▸ YOUR TASK
In the data below, reproduce everything exactly except the images.

▸ DATA SECTION
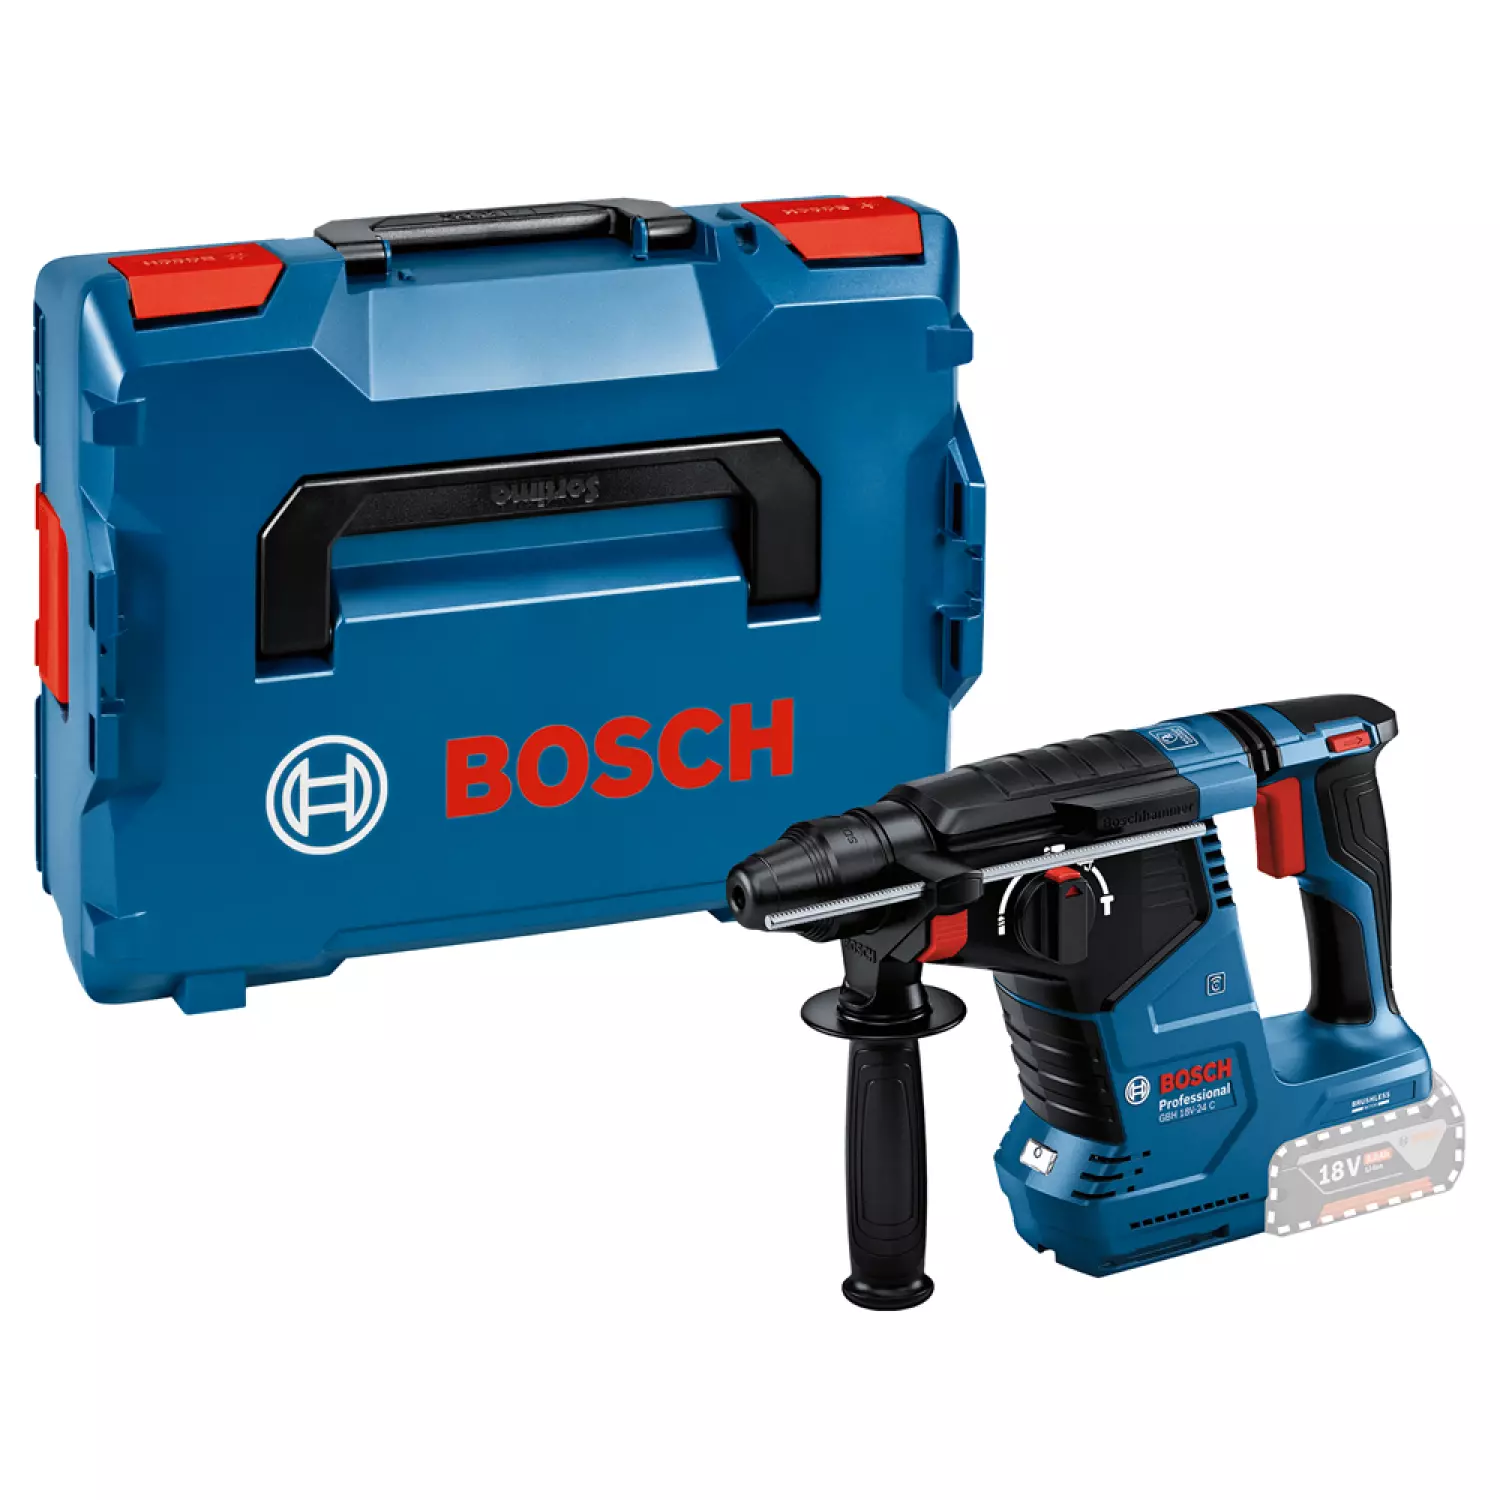 Bosch GBH 18V-24 C 18V Li-ion Accu SDS-Plus boorhamer body in L-Boxx - 2,4J - 30mm-image
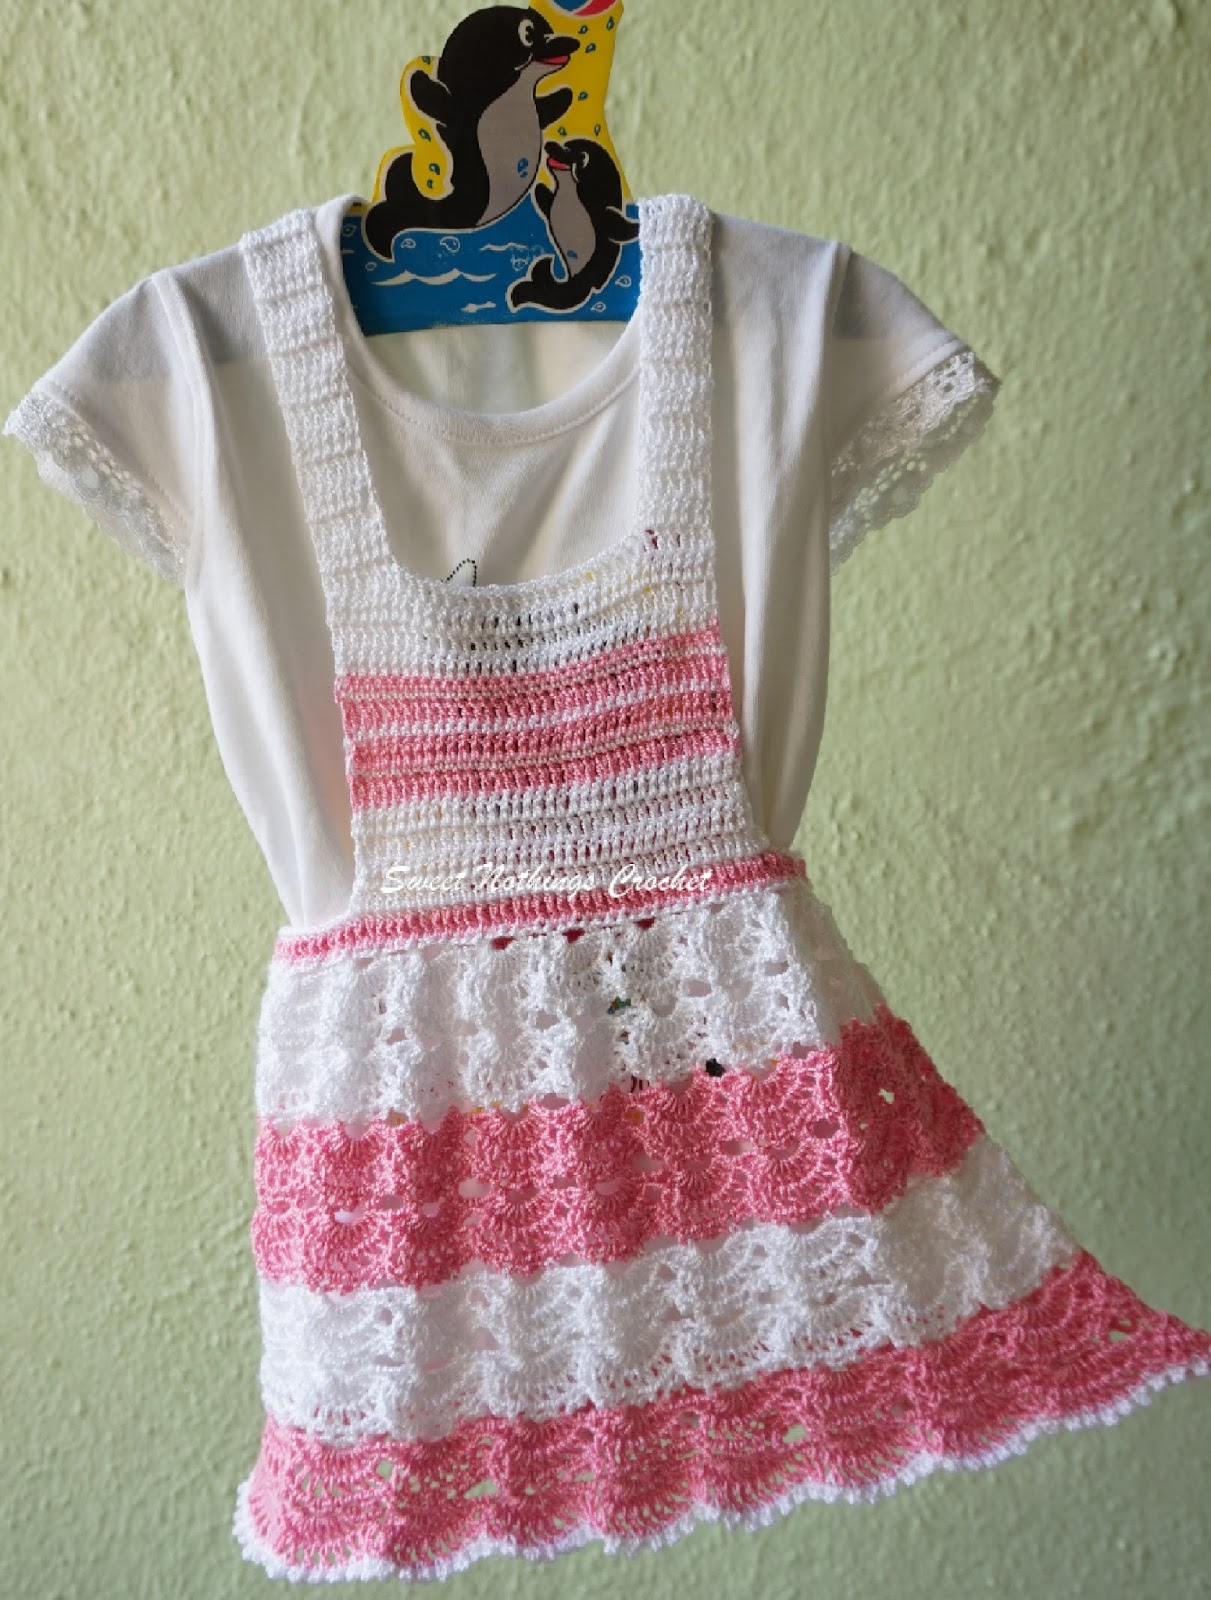 Crochet Baby Pinafore Dress Pattern Sweet Nothings Crochet Shelled Pinafore Ba Dress
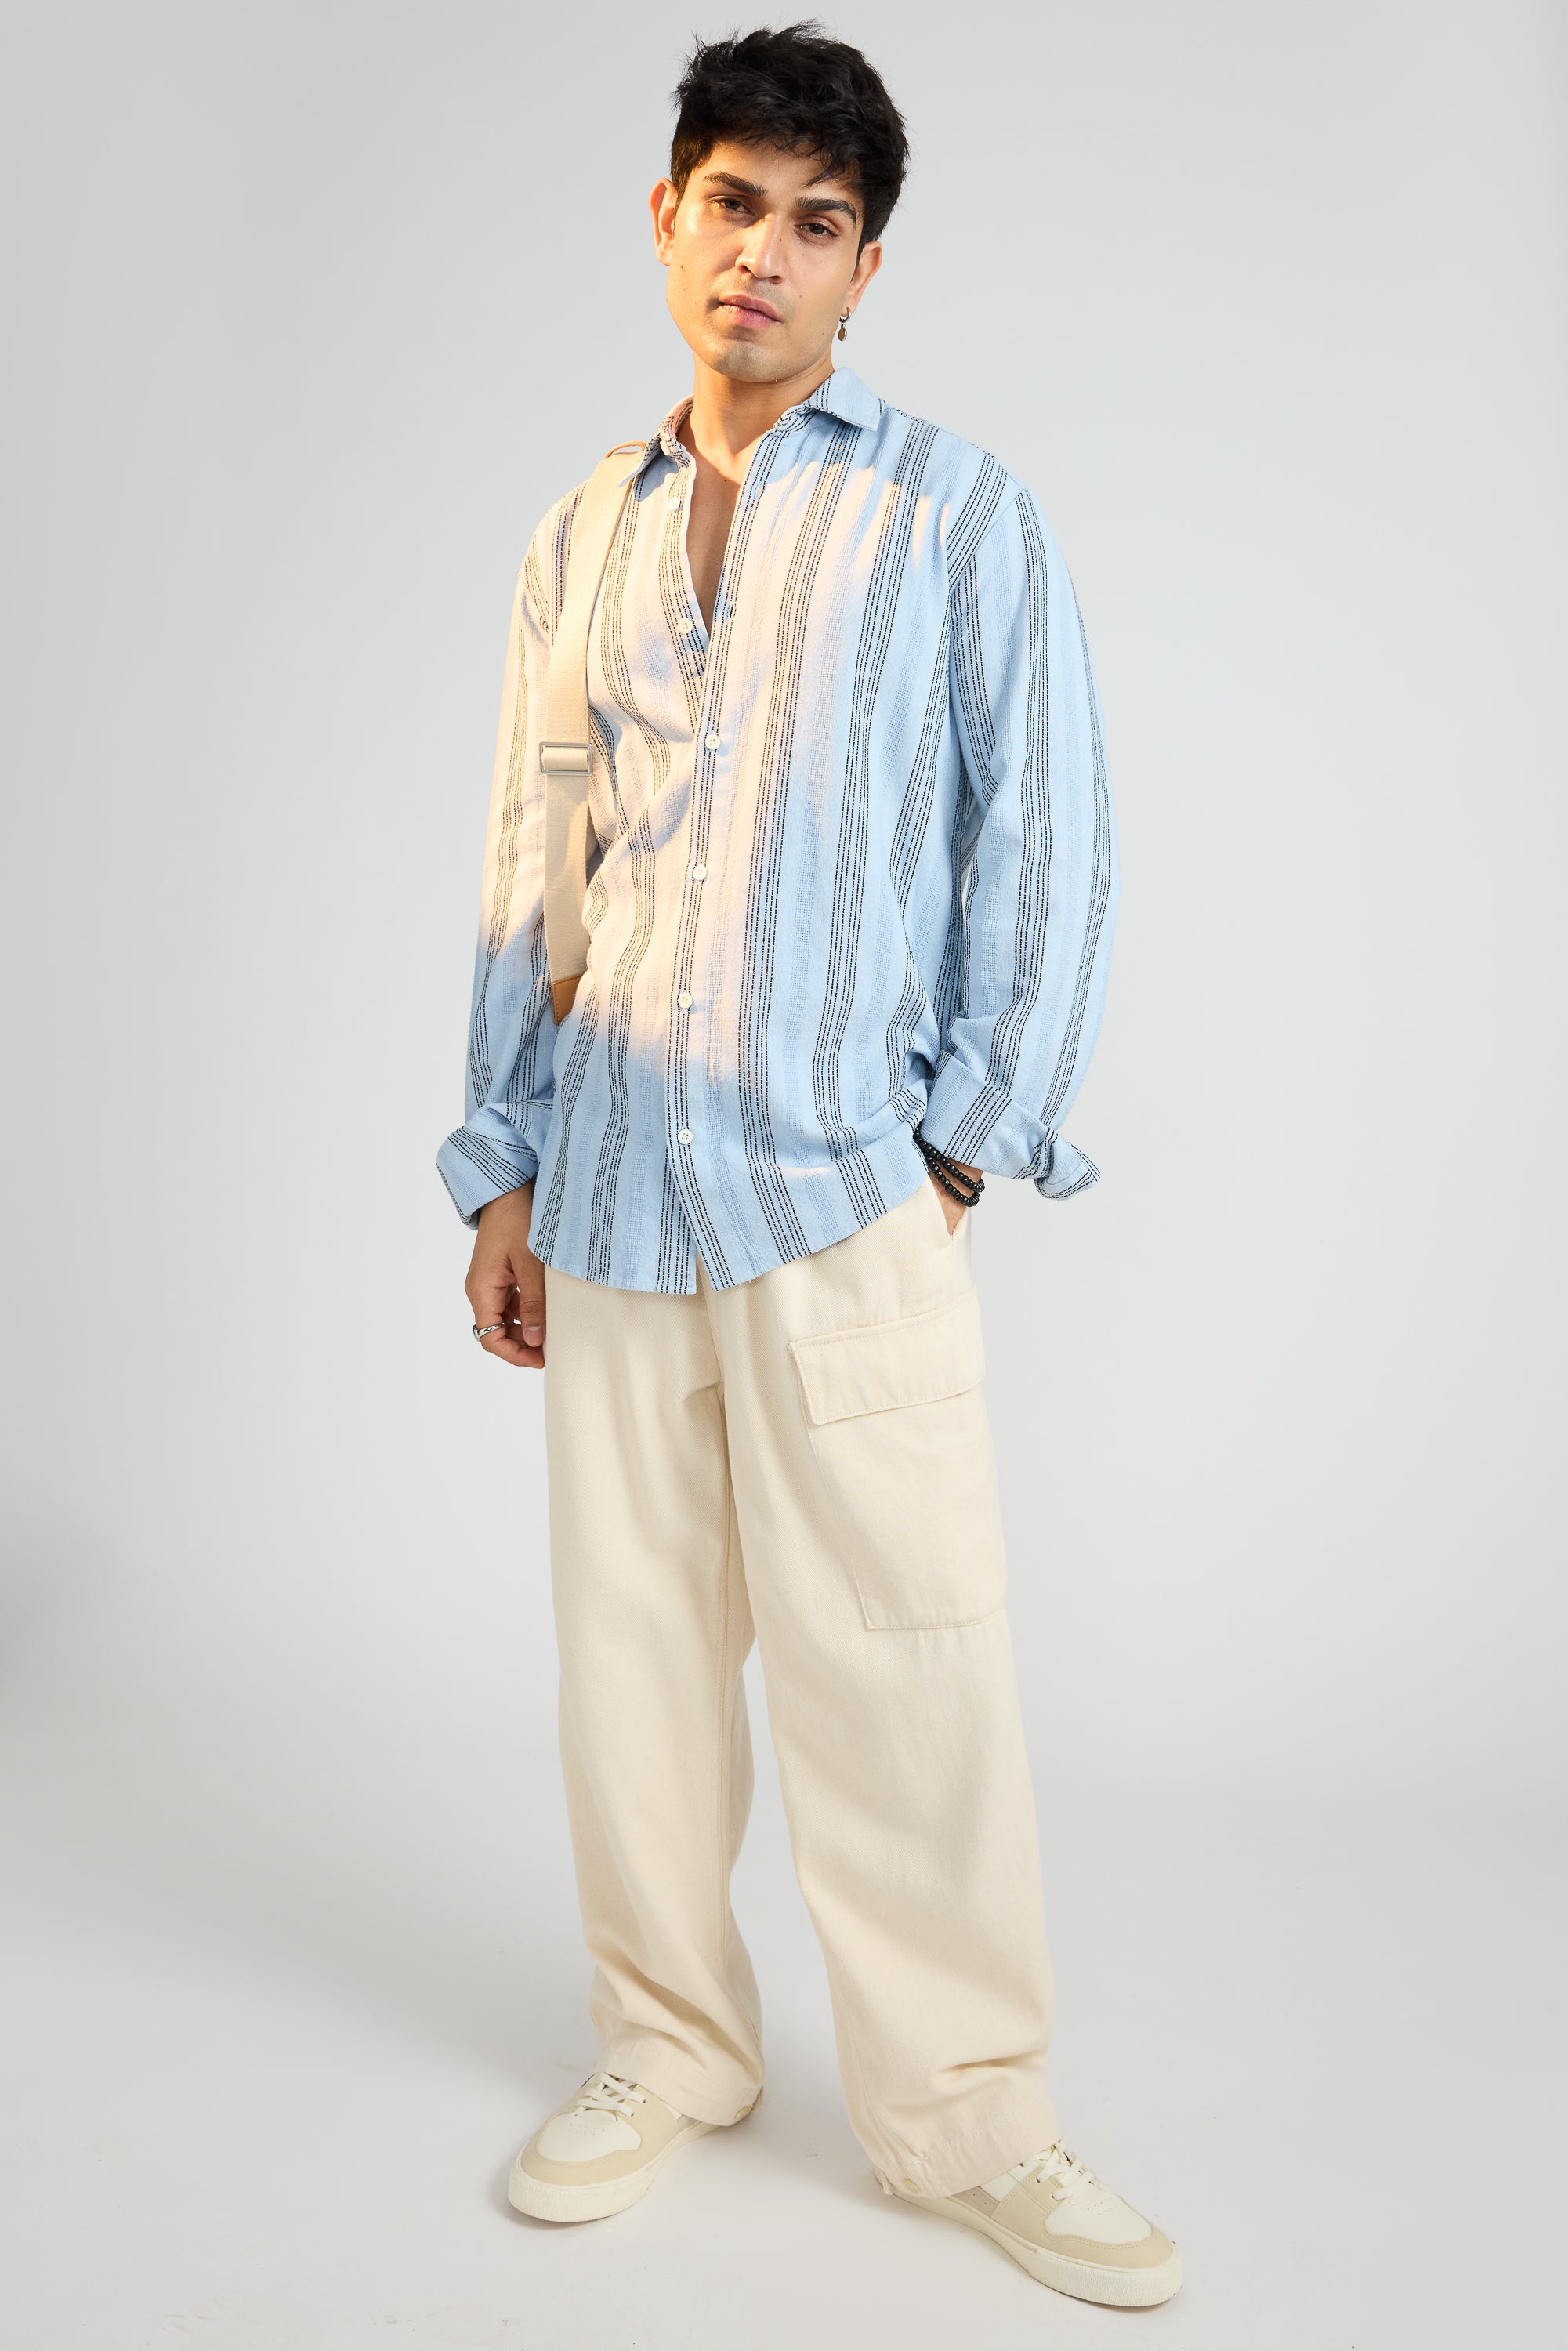 Textured Knit Full Sleeves Shirt-Blue/White Stripes

▸ REPLY
 Bosch GBH 18V-24 C 18V Li-ion Accu SDS-Plus boorhamer body in L-Boxx - 2,4J - 30mm-image
 Crochet Baby Pinafore Dress Pattern Sweet Nothings Crochet Shelled Pinafore Ba Dress
 Textured Knit Full Sleeves Shirt-Blue/White Stripes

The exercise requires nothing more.